ST. NICHOLAS BREAD Klauskerl (German St. Nicholas Doughman)
For the Feast of St. Nicholas
1 package active dry, or cake, yeast ½ cup lukewarm water 3 cups sifted all-purpose flour 2 eggs, divided 2 tablespoons sugar 1/8 teaspoon salt ½ cup soft butter 1 cup warm milk
ONE Dissolve yeast in water. Stir in ½ cup flour; mix thoroughly. Let rise in covered bowl.
TWO Sift 2 ½ cups flour into bowl; make "well" in center; put dough in it. Add 1 egg, sugar, salt, butter, milk. Knead until dough starts to blister. Dust dough with flour; cover; let rise to double thickness.
THREE Punch to ¼-inch thickness and cut pieces in shape of body, head, arms, legs. Assemble to form "St.

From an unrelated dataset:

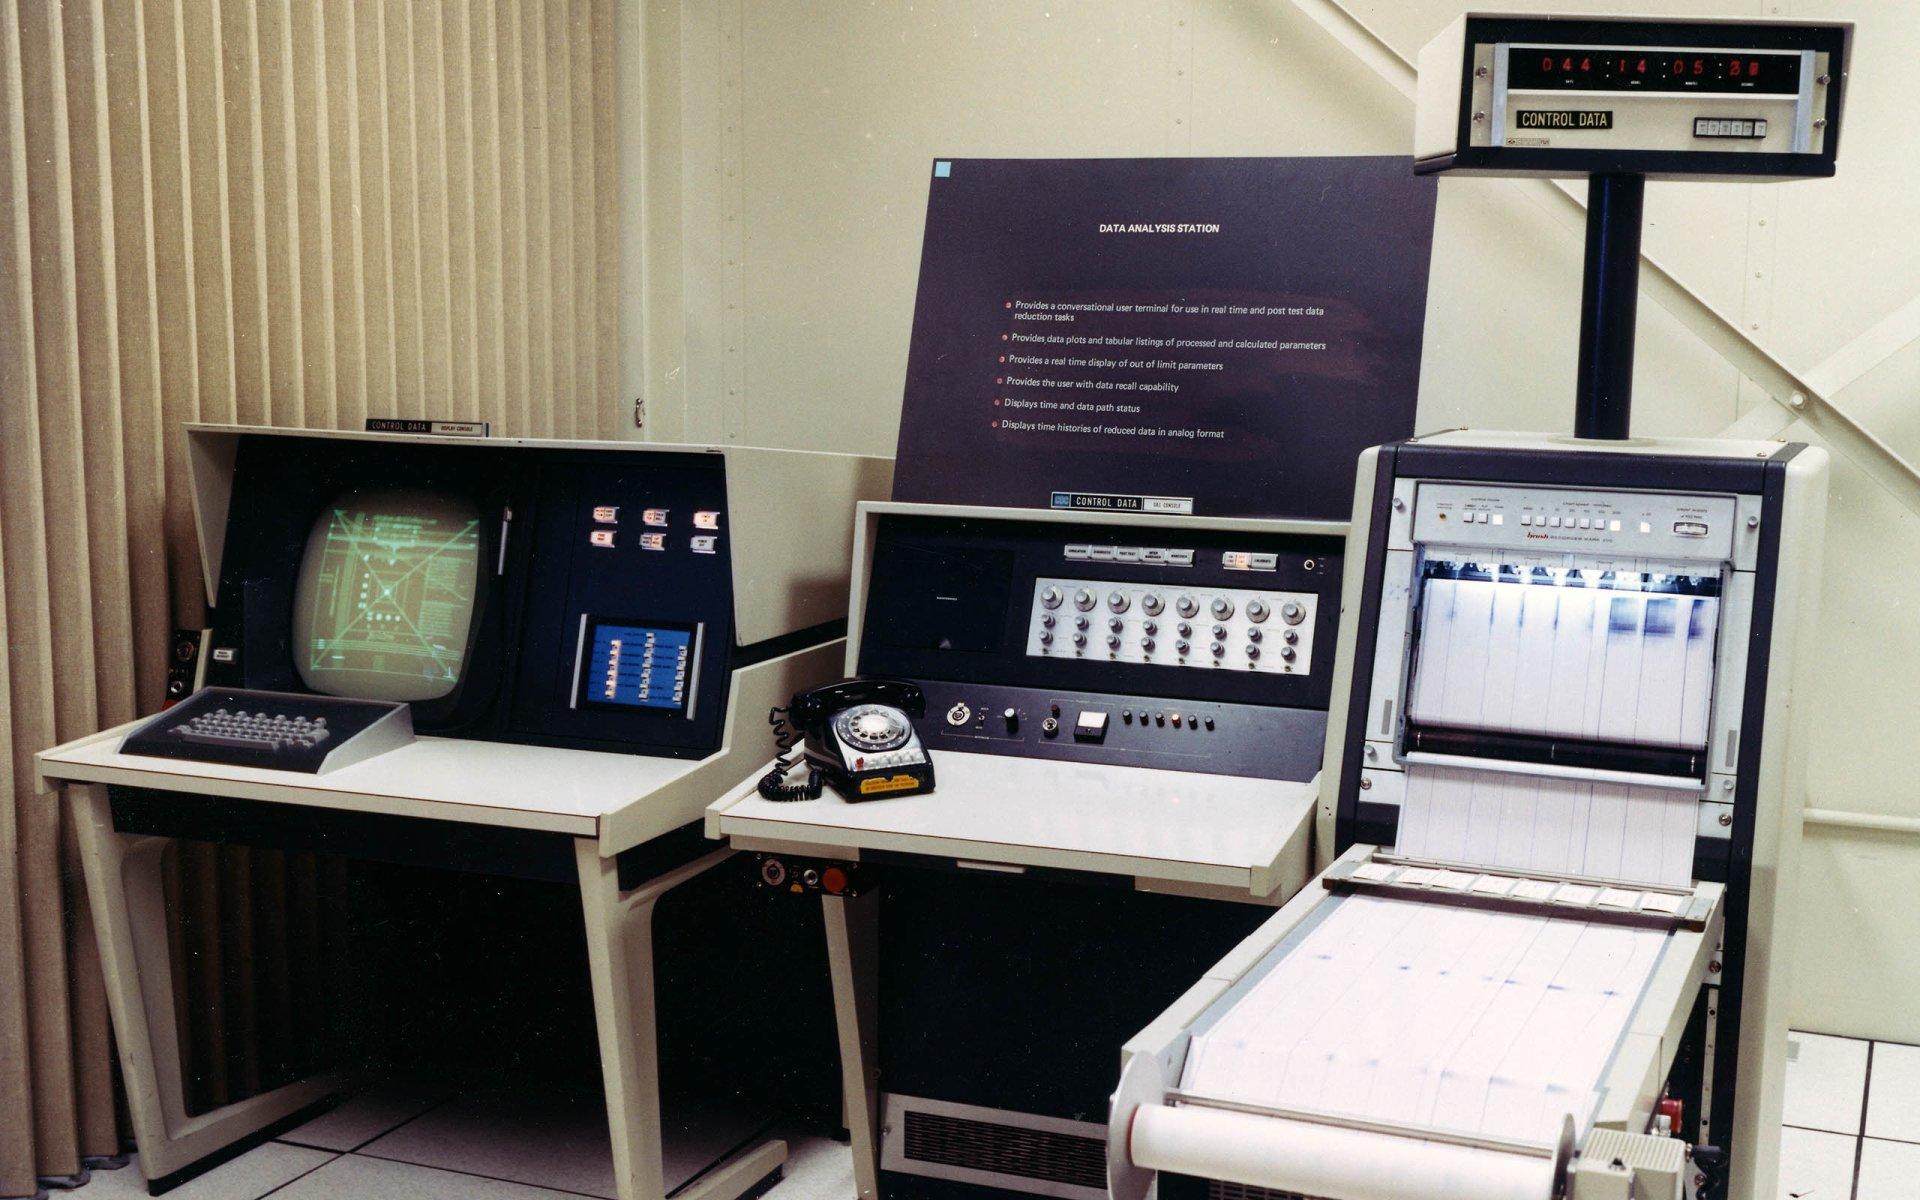 Ordinateur full hd fond d 39 cran and arri re plan for Ecran ordinateur hd
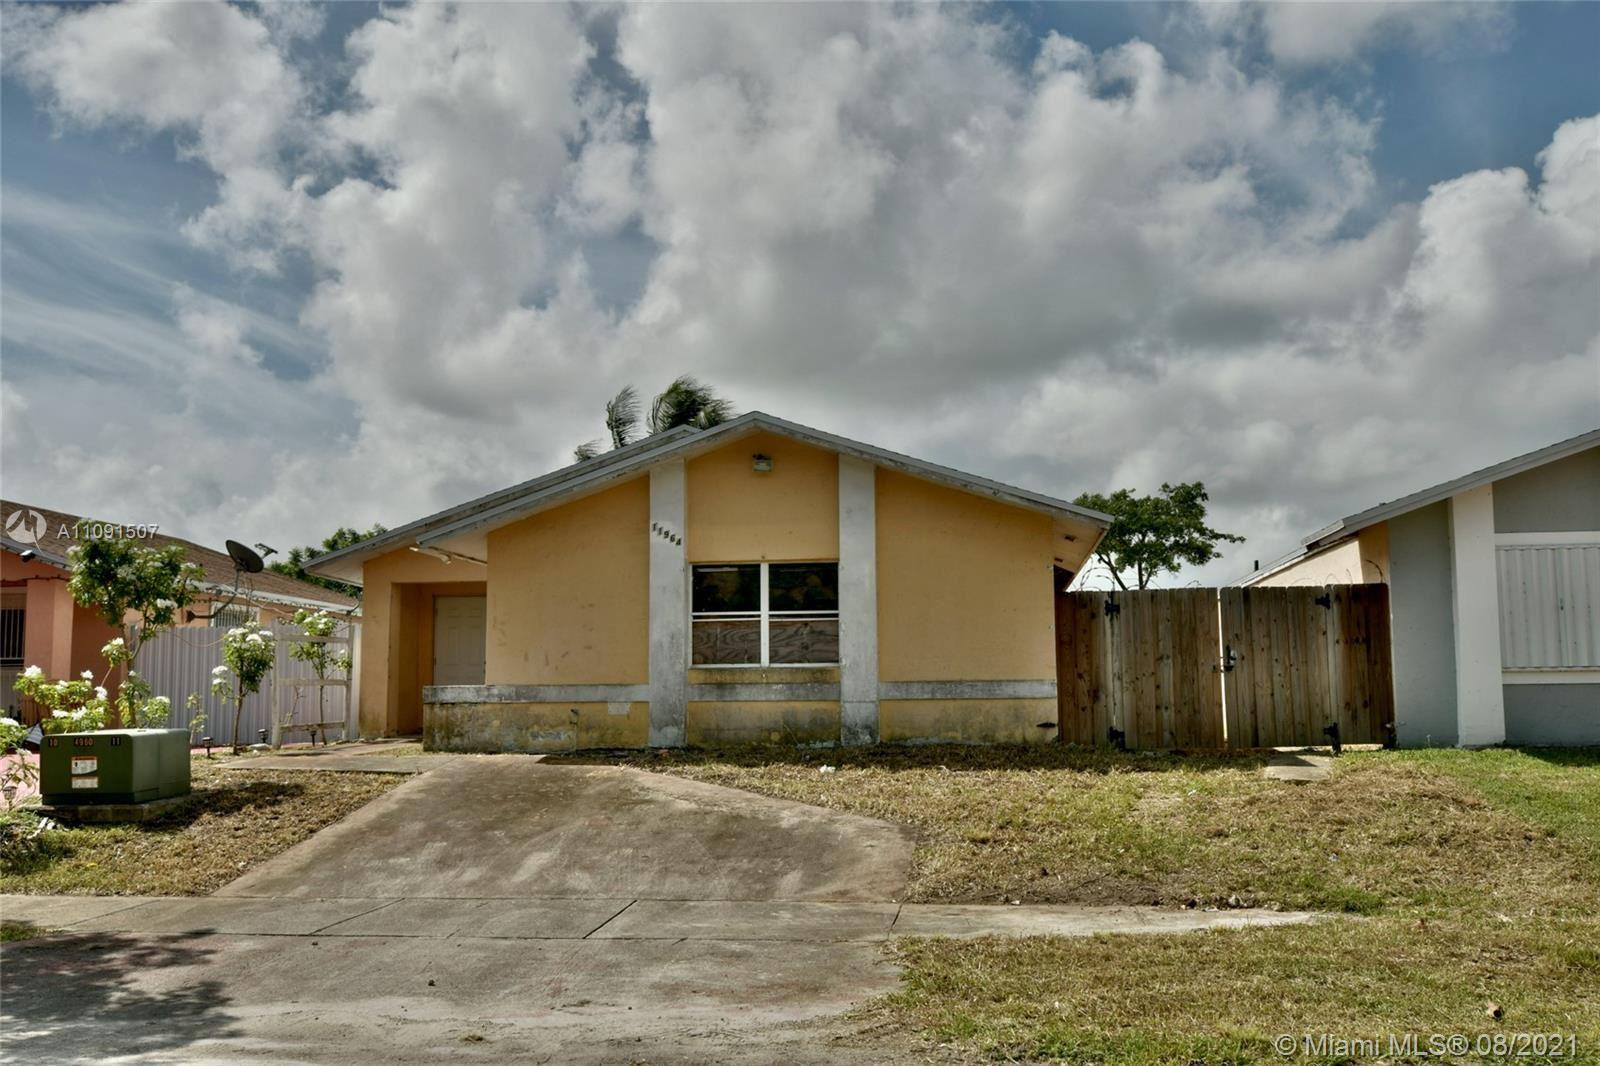 11964 SW 210th Ter, Miami, FL 33177 - #: A11091507

Nicholas doughman;" cover; let rise.
Make face, using raisins, slivers of almond, currants, etc. Brush with milk, beaten egg.
Bake at 375º F. until golden brown. Yield, 1 St. Nicholas Doughman
From The Catholic Cook Book: Traditional Feast and Fast Day Recipes by William I. Kaufman. The Citadel Press, 1965.